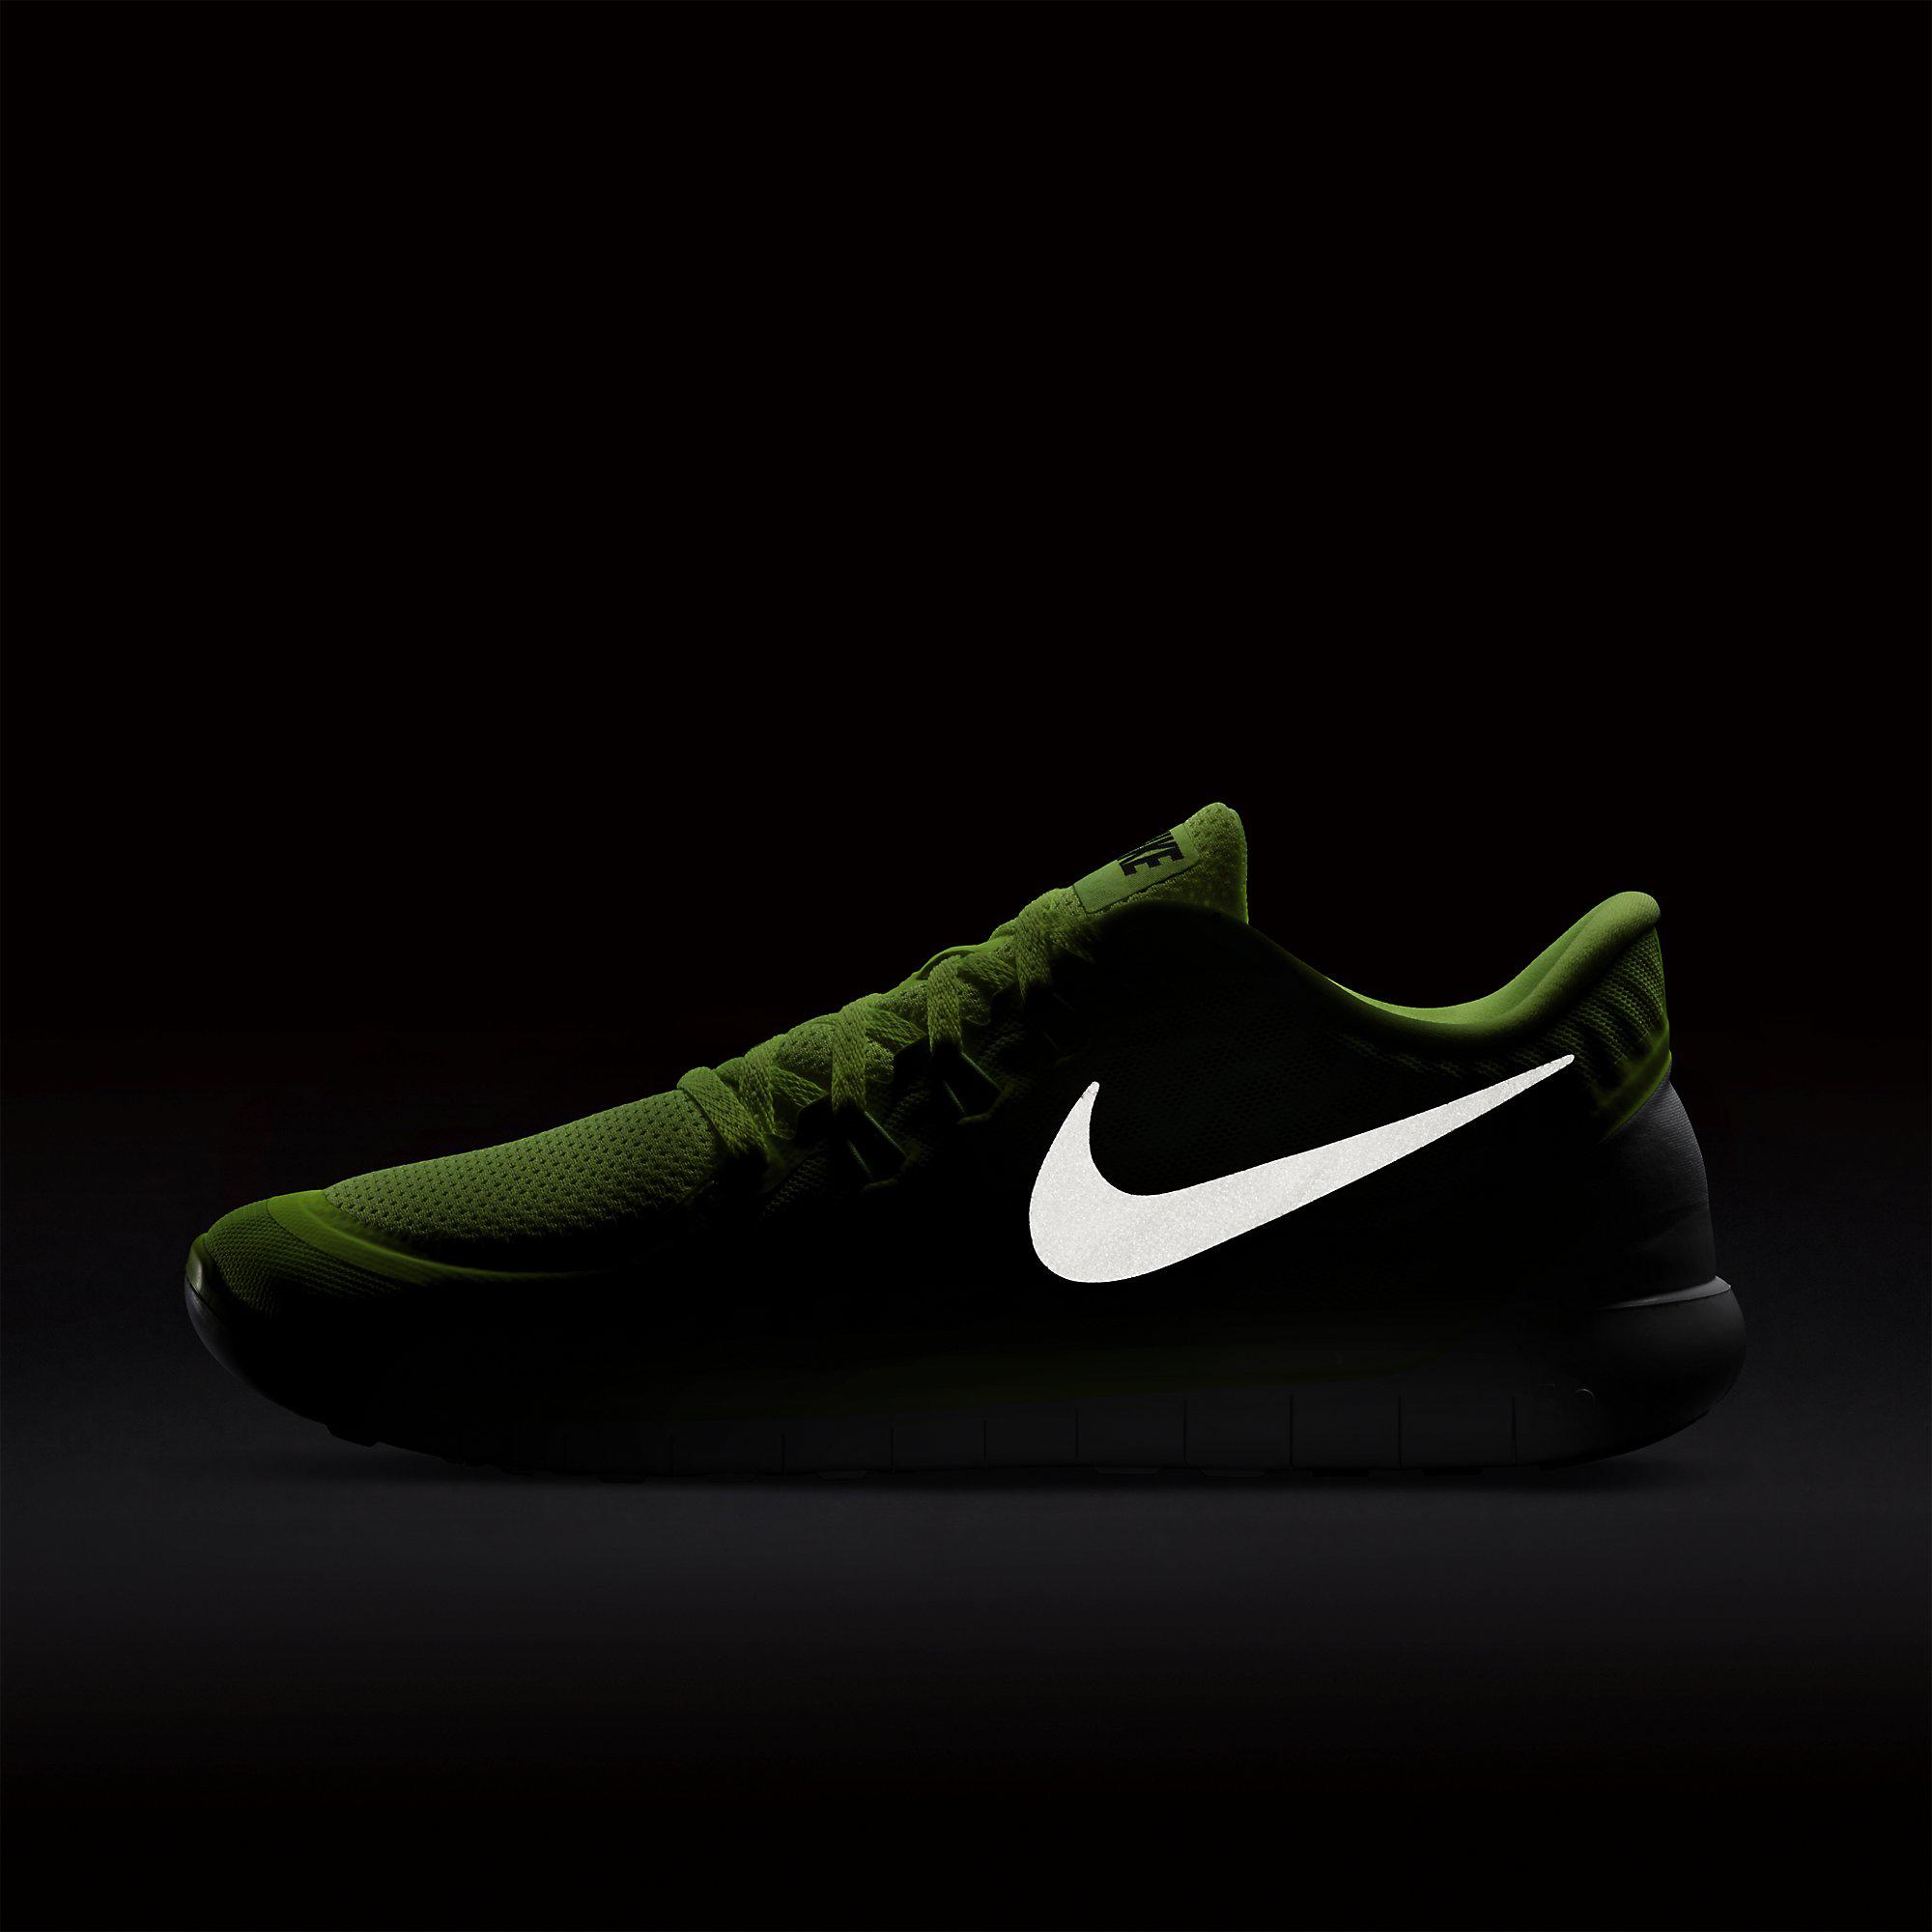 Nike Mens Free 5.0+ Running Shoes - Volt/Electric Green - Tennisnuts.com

...

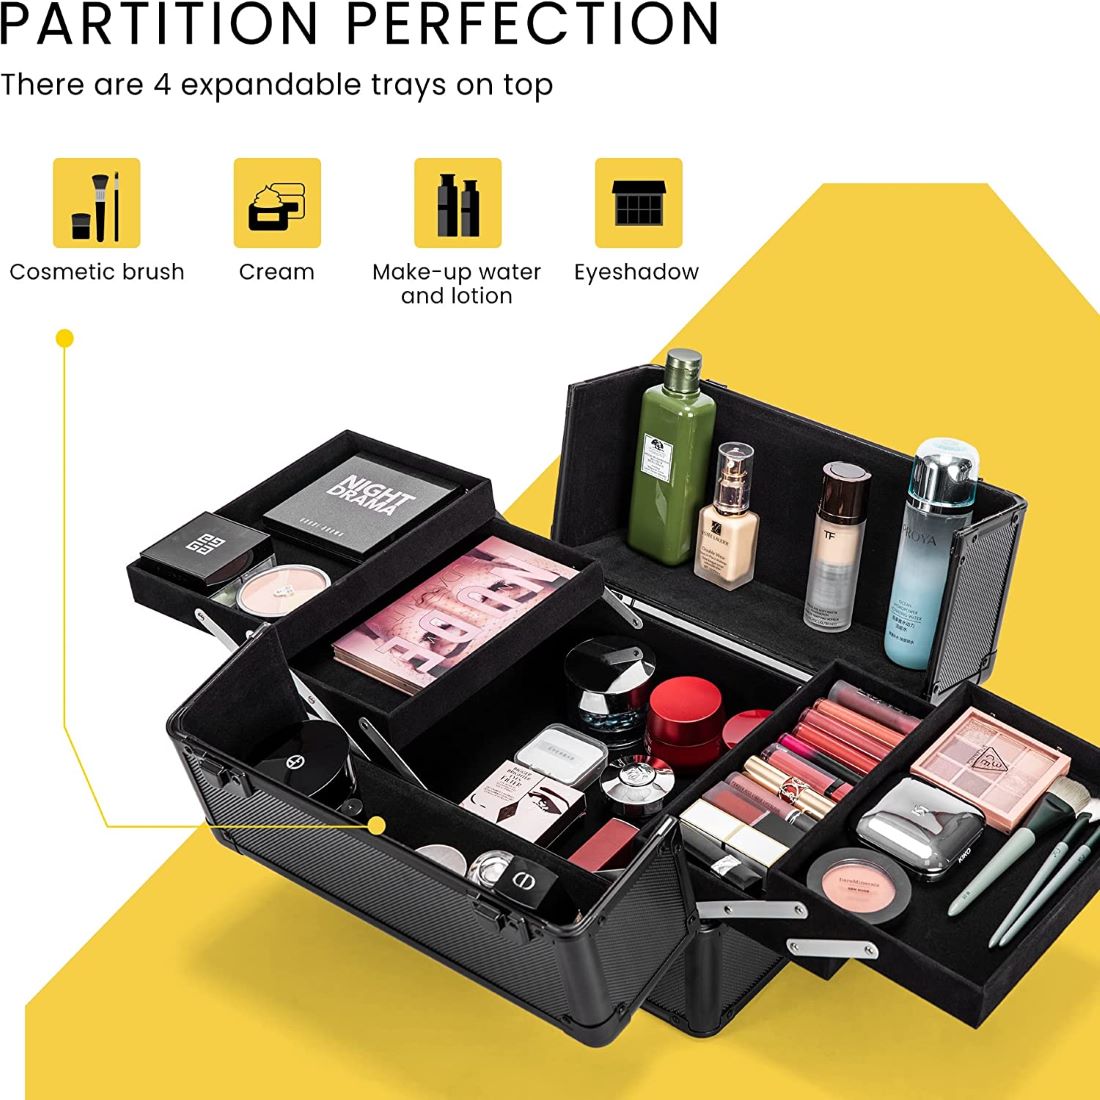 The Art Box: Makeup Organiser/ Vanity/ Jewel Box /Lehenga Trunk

* * *

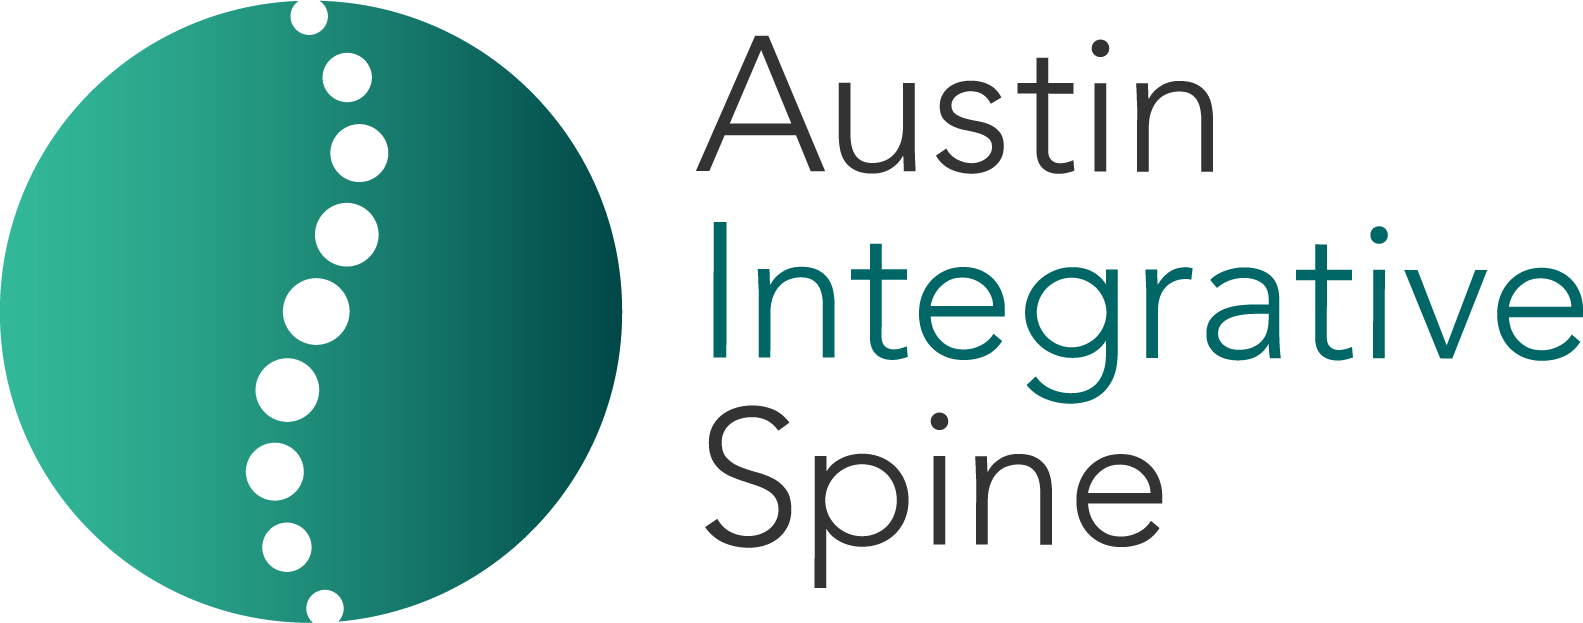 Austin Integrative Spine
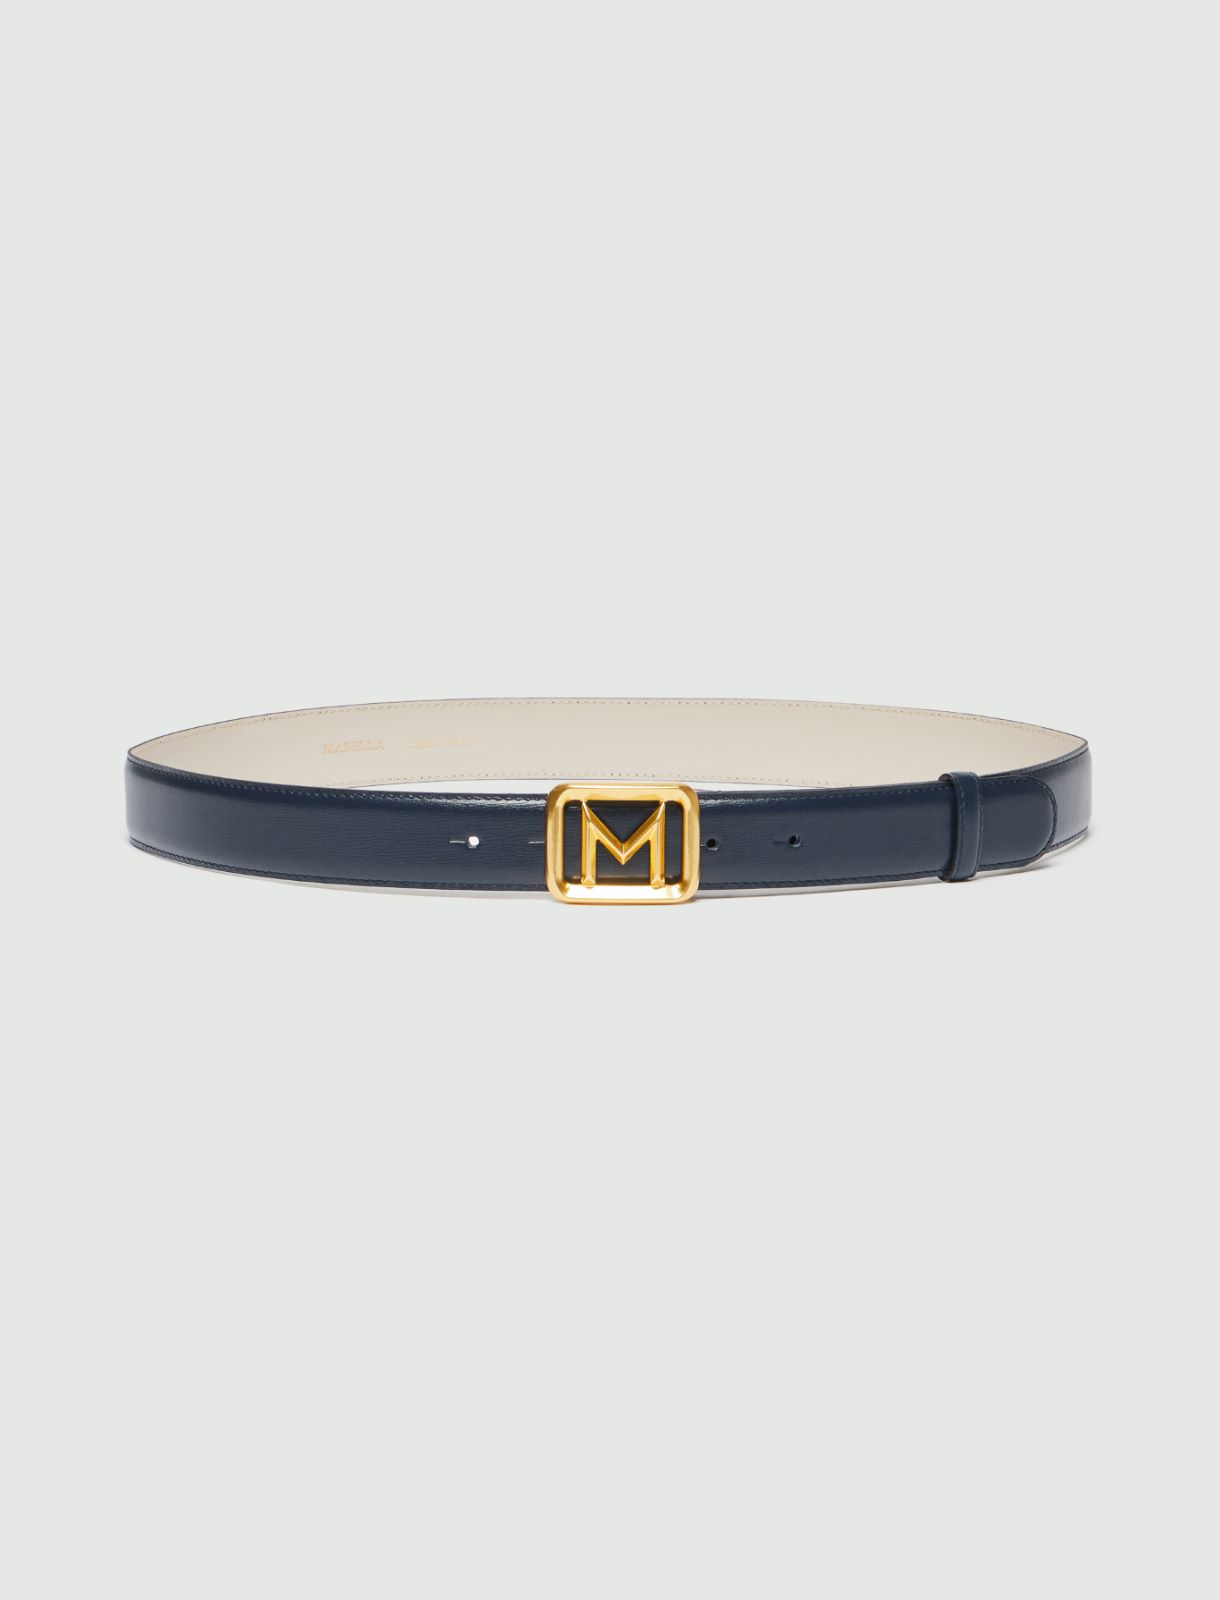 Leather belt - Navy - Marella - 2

→ Exercise goal
Both the line containing "Austin Integrative Spine" and the line containing "Leather belt - Navy - Marella - 2" above belong in the output, as do the lines between them. Print them exactly, without pictures.

→ Expected output
 Austin Integrative Spine
 Leather belt - Navy - Marella - 2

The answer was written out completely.